Stored data:

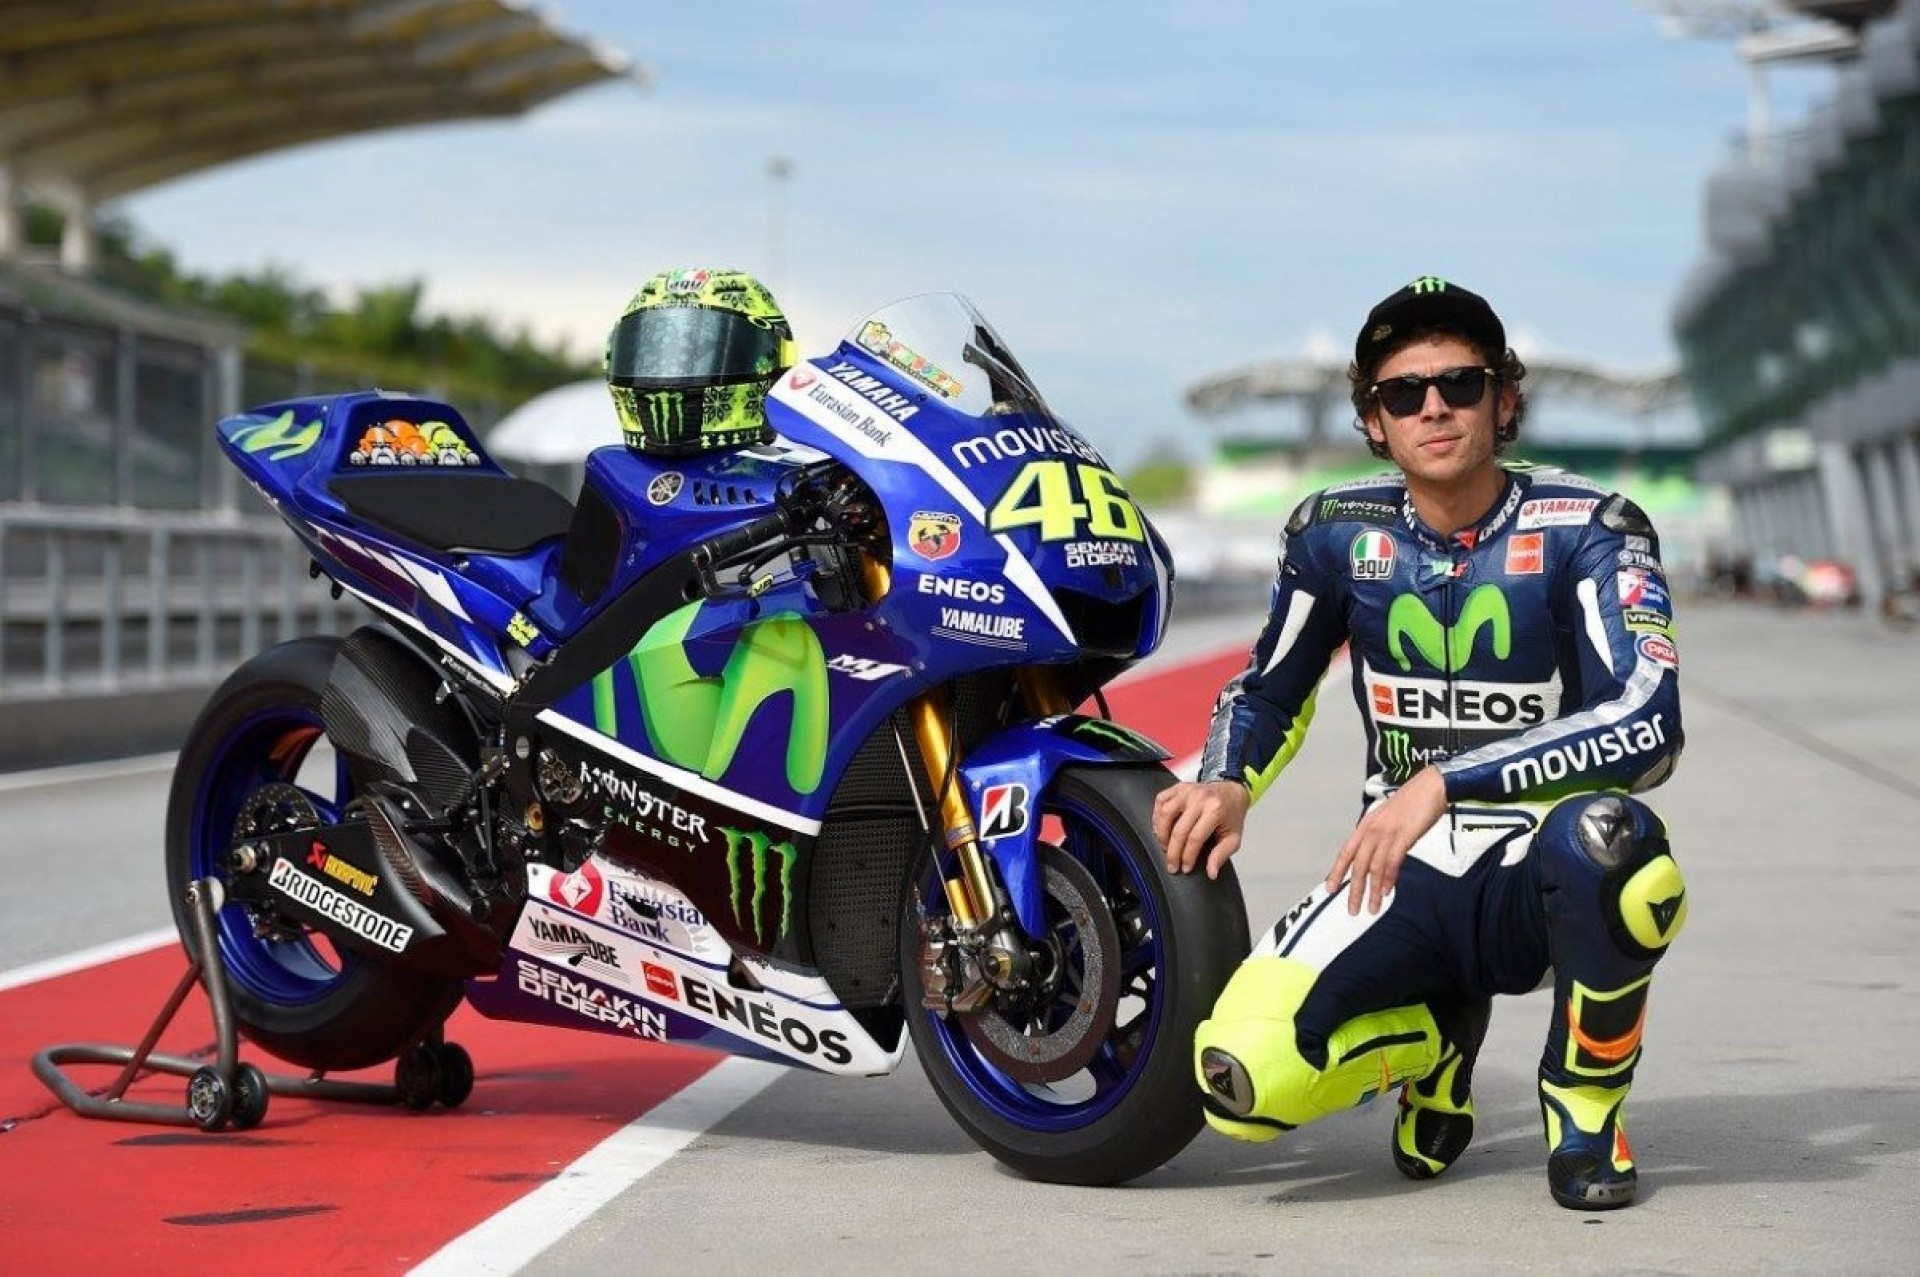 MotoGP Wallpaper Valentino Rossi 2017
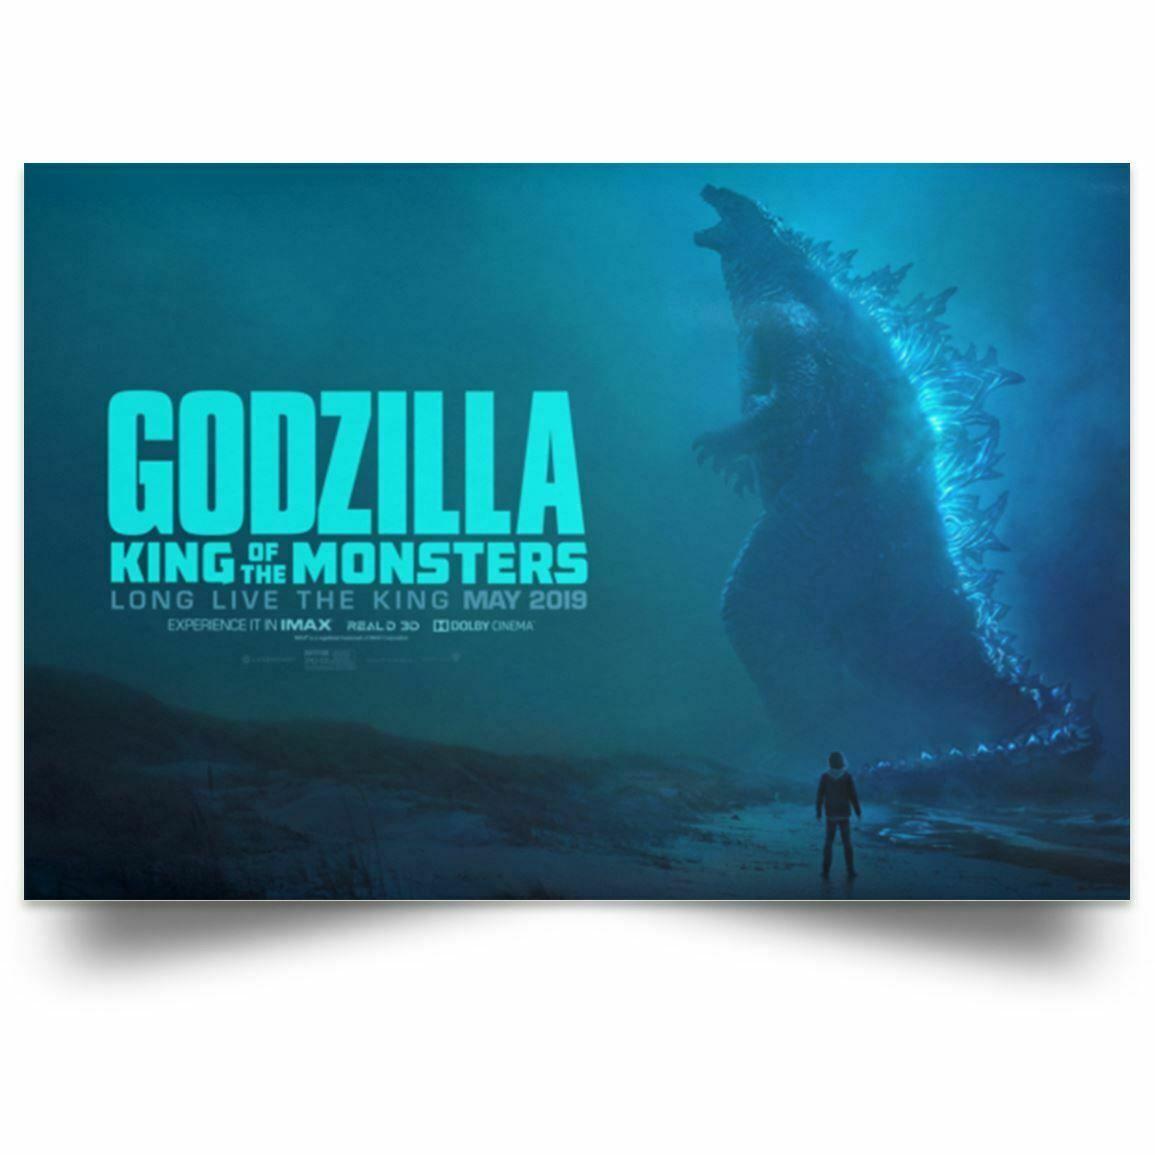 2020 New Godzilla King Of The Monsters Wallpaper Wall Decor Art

...

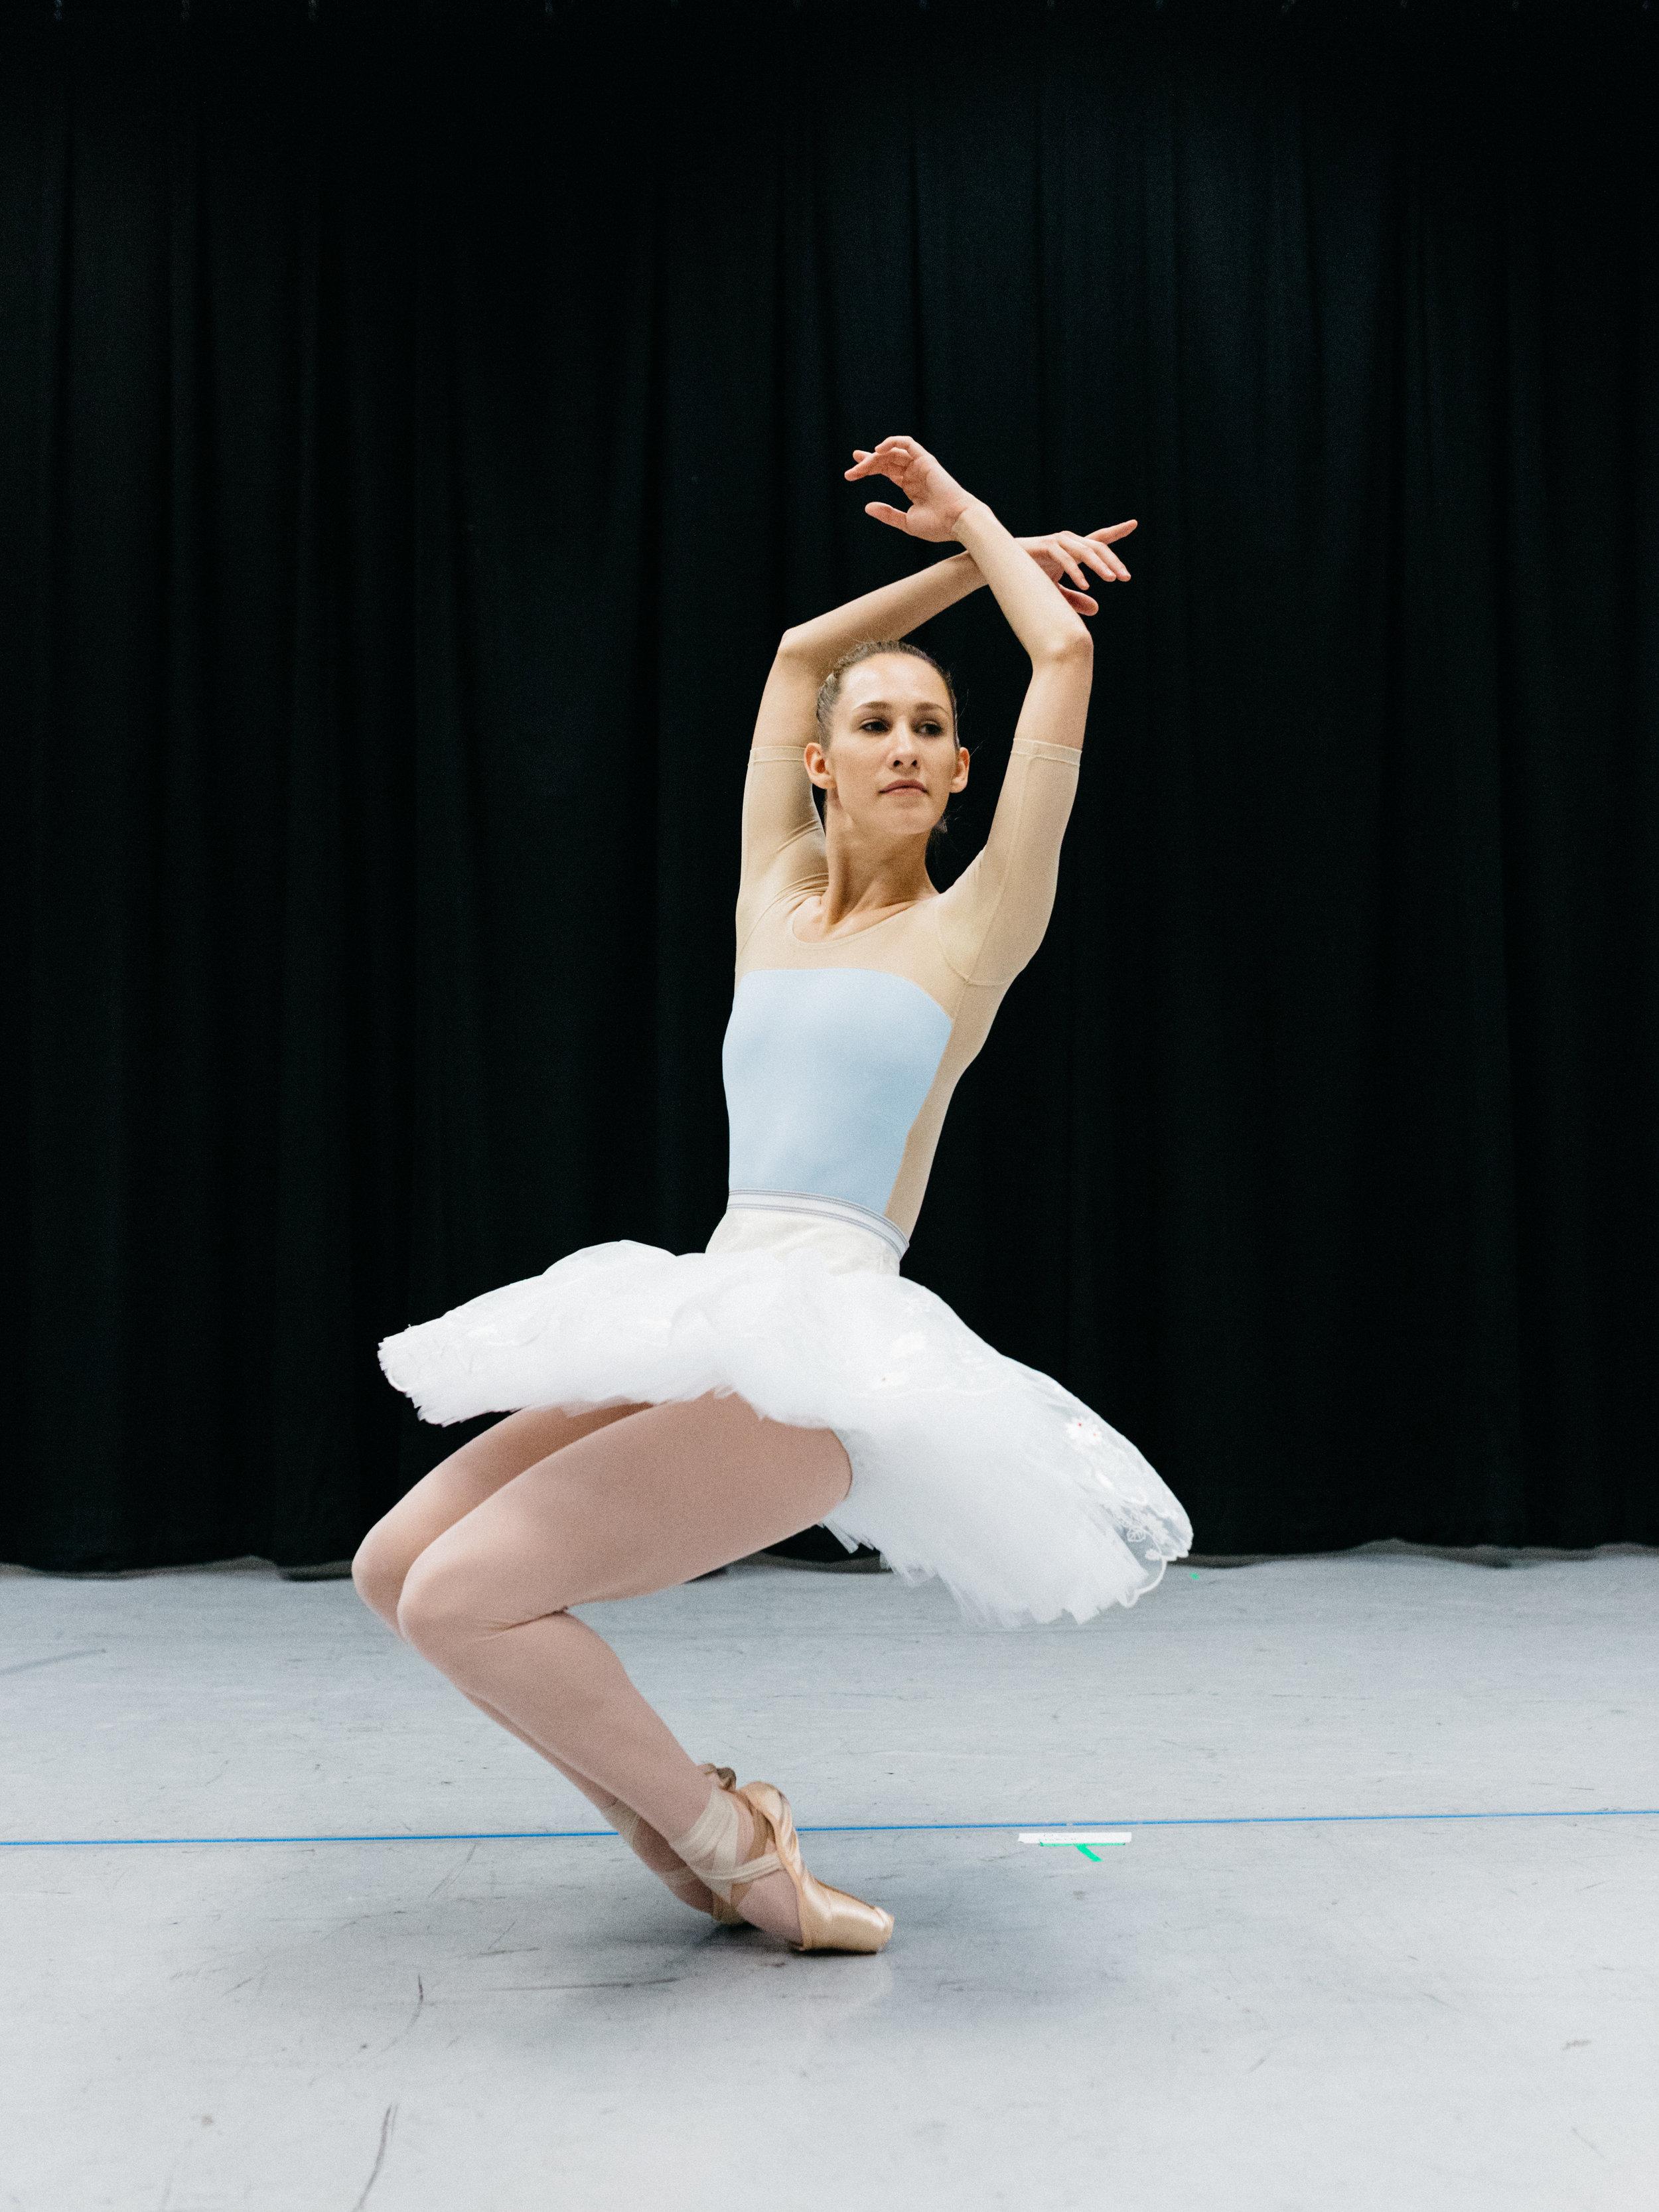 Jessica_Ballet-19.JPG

---

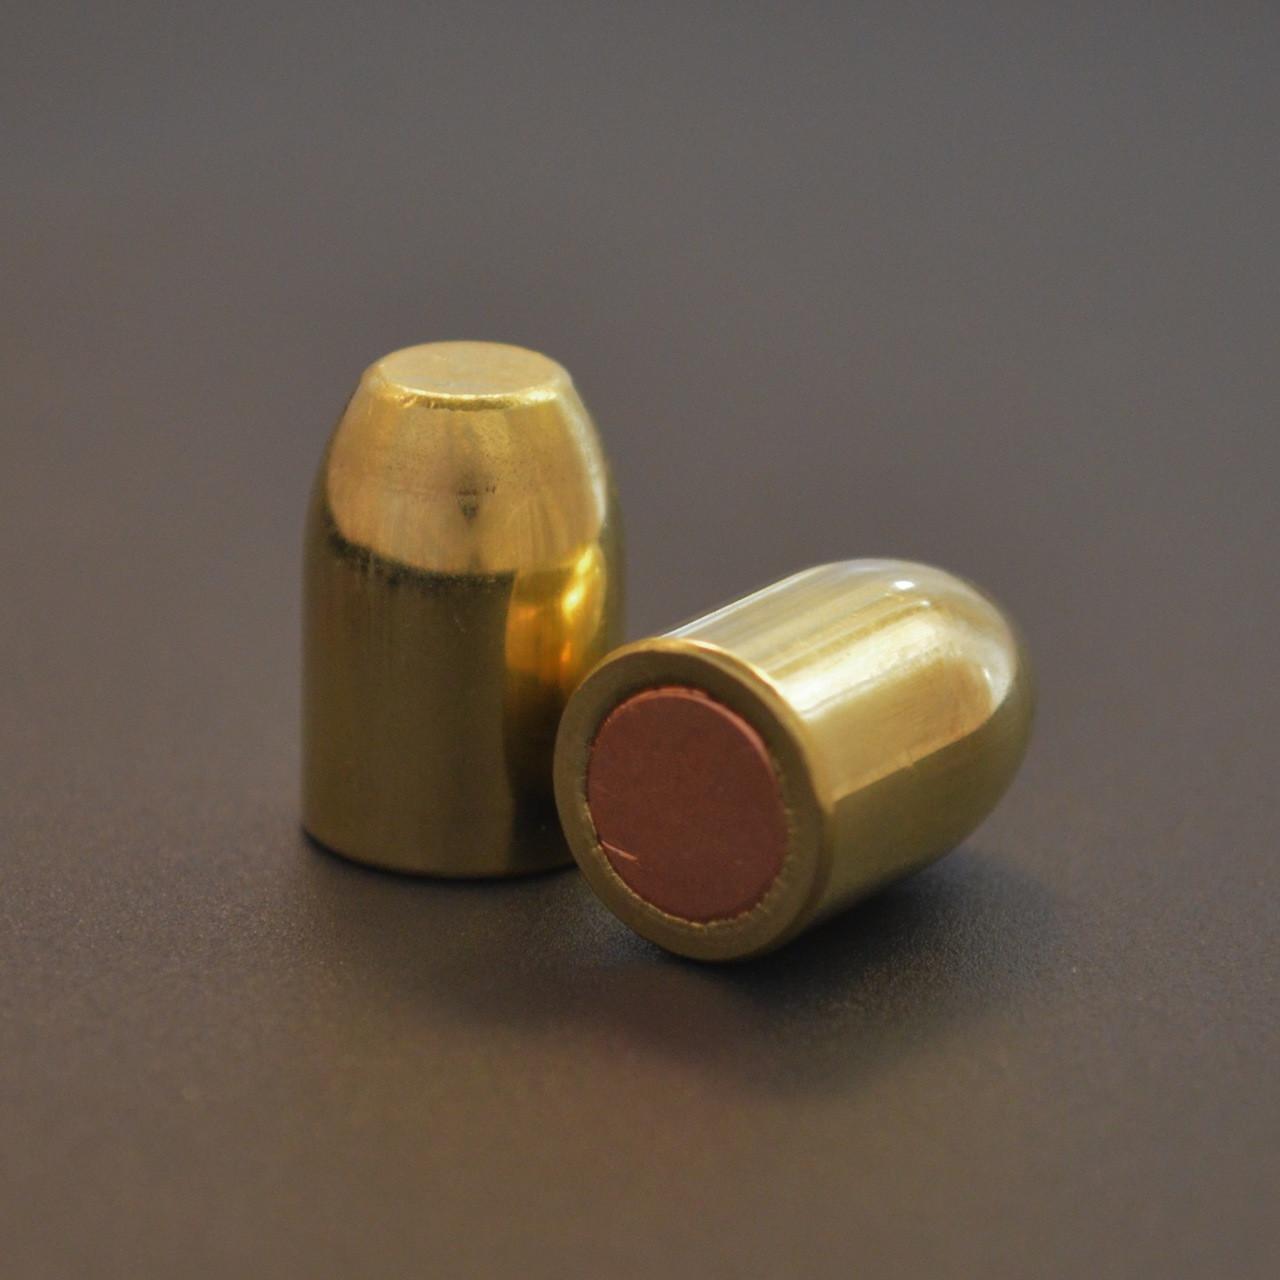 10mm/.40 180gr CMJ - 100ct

Task brief:
From the records above, copy only the lines running from the line holding "MotoGP Wallpaper Valentino Rossi 2017" through the line holding "2020 New Godzilla", with no pictures.

Problem solution:
 MotoGP Wallpaper Valentino Rossi 2017
 2020 New Godzilla King Of The Monsters Wallpaper Wall Decor Art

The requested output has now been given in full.